A Blind Spot in My Knowledge of Constitutional Theory

 

September Group writing: A blind spot in my education (The Left and the Constitution)

Much to the disappoint of my parents, I got a Political Science degree rather than doing something useful with my life. But as a consolation, I can quickly understand other people’s political opinions and the philosophical origins of their beliefs. Yet I just can’t understand the philosophy underlying lefties and the Constitution. 

Biden’s latest speech reiterates what I find confusing about their stance. Apparently, the constitution has an implied right to privacy and that implied right includes abortion.  This is odd because no one found this right in the Constitution until recently.

The Constitution was made to limit state power and protect the rights of the people and the states. It was made assuming that human beings had a consistent nature and that nature needed to be constrained because it wasn’t innately good. 

Woodrow Wilson seems to be the only lefty I know of that is intellectually consistent on this matter. He was a Progressive obsessed with evolution. This meant he thought that humanity lacked a definitive human nature so we could evolve and move beyond the limitations of our current society. That and scientific racism. Lots of racism. 

As Woodrow Wilson put it, 

The trouble with the theory [of limited and divided government] is that government is not a machine, but a living thing. This is where the living and breathing constitution comes from. It is modified by its environment, necessitated by its tasks, shaped to its functions by the sheer pressure of life.

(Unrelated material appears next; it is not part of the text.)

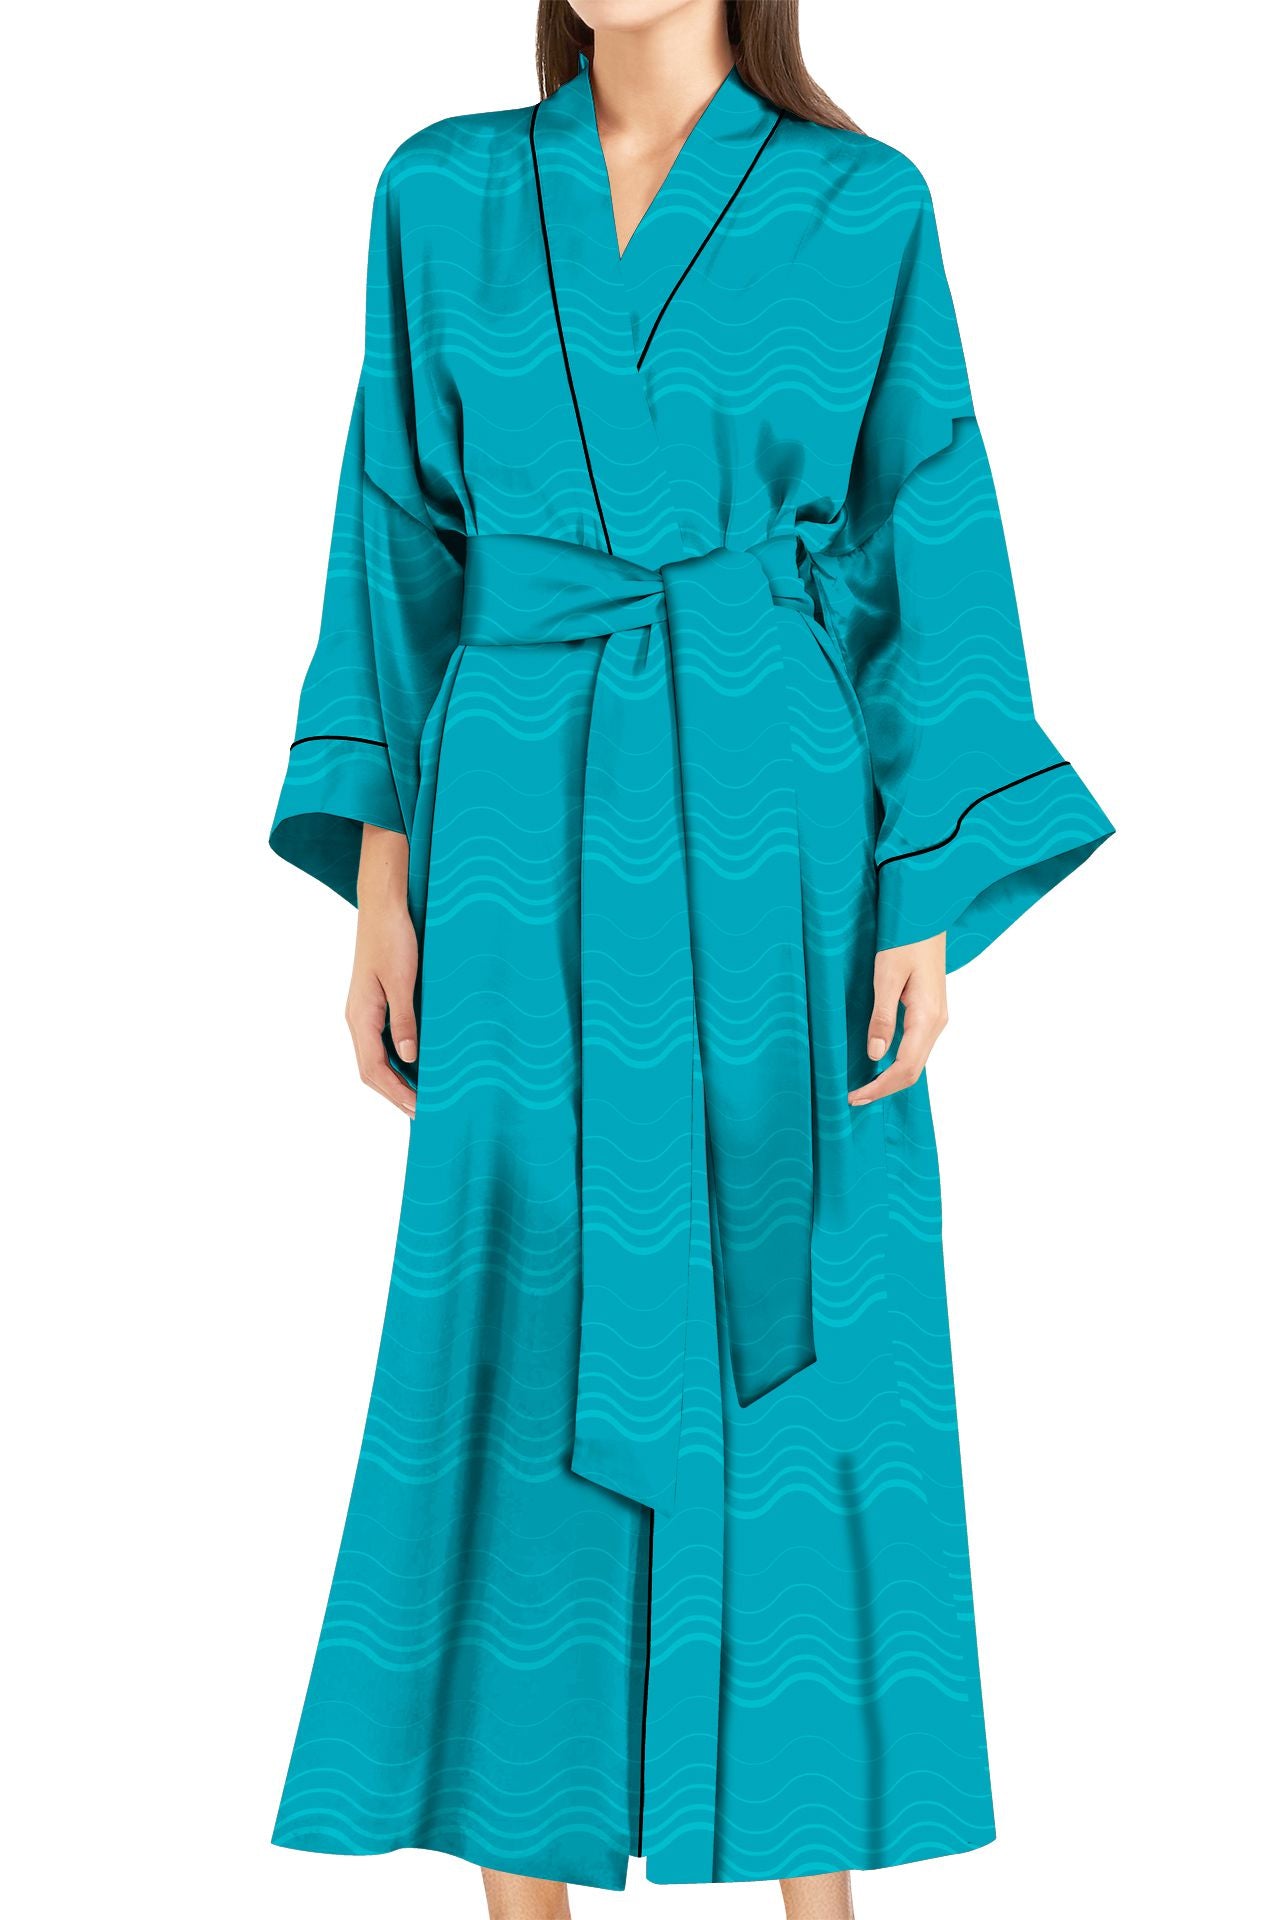 "Kyle X Shahida" "blue kimono" "silk robes for women short" "sky blue kimono"

So which is it to Joe Biden and to other Progressives? Does an implied right to privacy guarantee abortion? Or is the Constitution eternal and a sacred protector of our rights; Including the most important right, which is a right to an abortion at any time for any reason?

In other words, the Constitution’s original purpose shouldn’t be taken all that seriously. Compare Wilson’s quote with the ever-popular quotation from James Madison’s Federalist Papers.

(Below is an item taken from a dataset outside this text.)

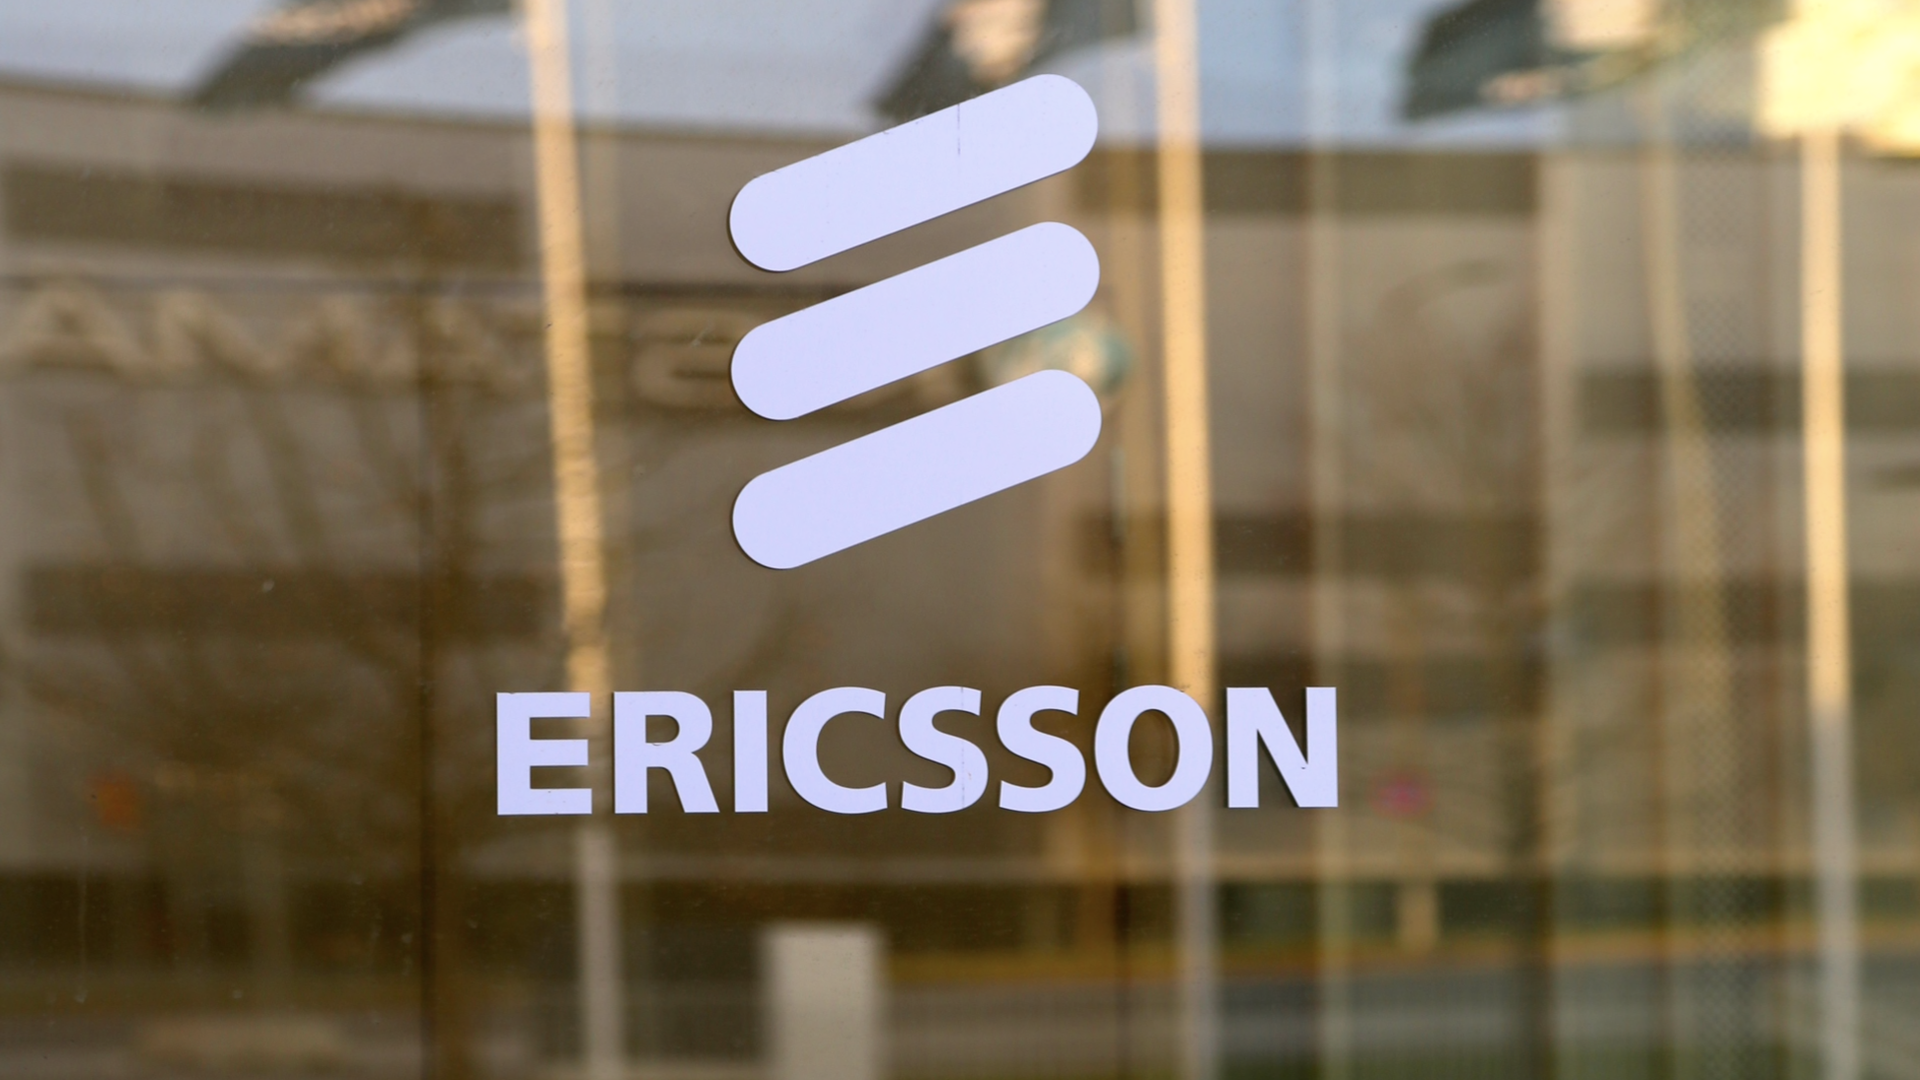 An image of Ericsson headquarters

If Men were angels, no government would be necessary. If angels were to govern men, neither external nor internal controls on government would be necessary. In framing a government which is to be administered by men over men, the great difficulty lies in this: you must first enable the government to control the governed; and the next place, oblige it to control itself.”

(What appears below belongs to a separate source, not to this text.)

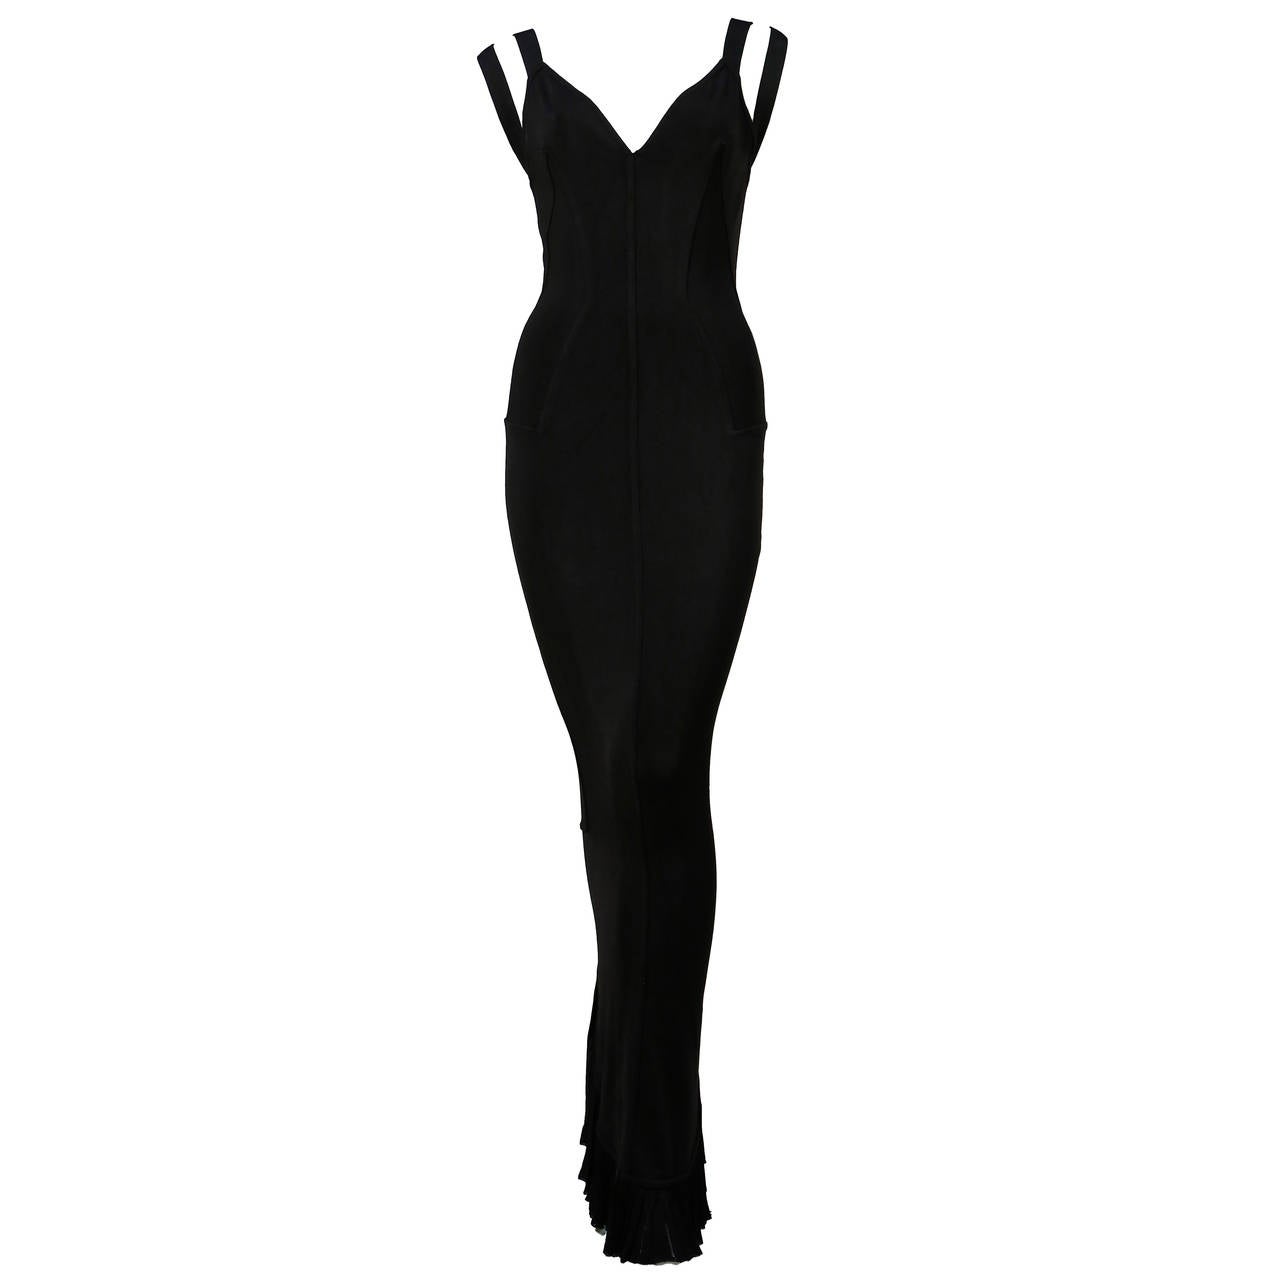 1990 AZZEDINE ALAIA long black dress with pleated fishtail hemline

So why does President Biden praise the constitution as if it gives certain definite rights and we should all obey it? If the constitution can be interpreted to mean whatever we think is good at the time, then it’s not really a sacred procedural document. It’s another institution that needs to be constantly updated a la Wilson’s paradigm. If the Constitution is worthy of deep honor and reverence, then you have to go through the difficult process of adding Constitutional Amendments for things you like. You can’t have one philosophy for abortion rights and another philosophy for guns. 

So what is the leftist philosophy behind the Constitution? All I can see are two entirely contradictory points of view that leftists switch between based on whim. 

P.S. All of Ramirez’s stuff is easily available online and it’s under his name. That’s free domain right?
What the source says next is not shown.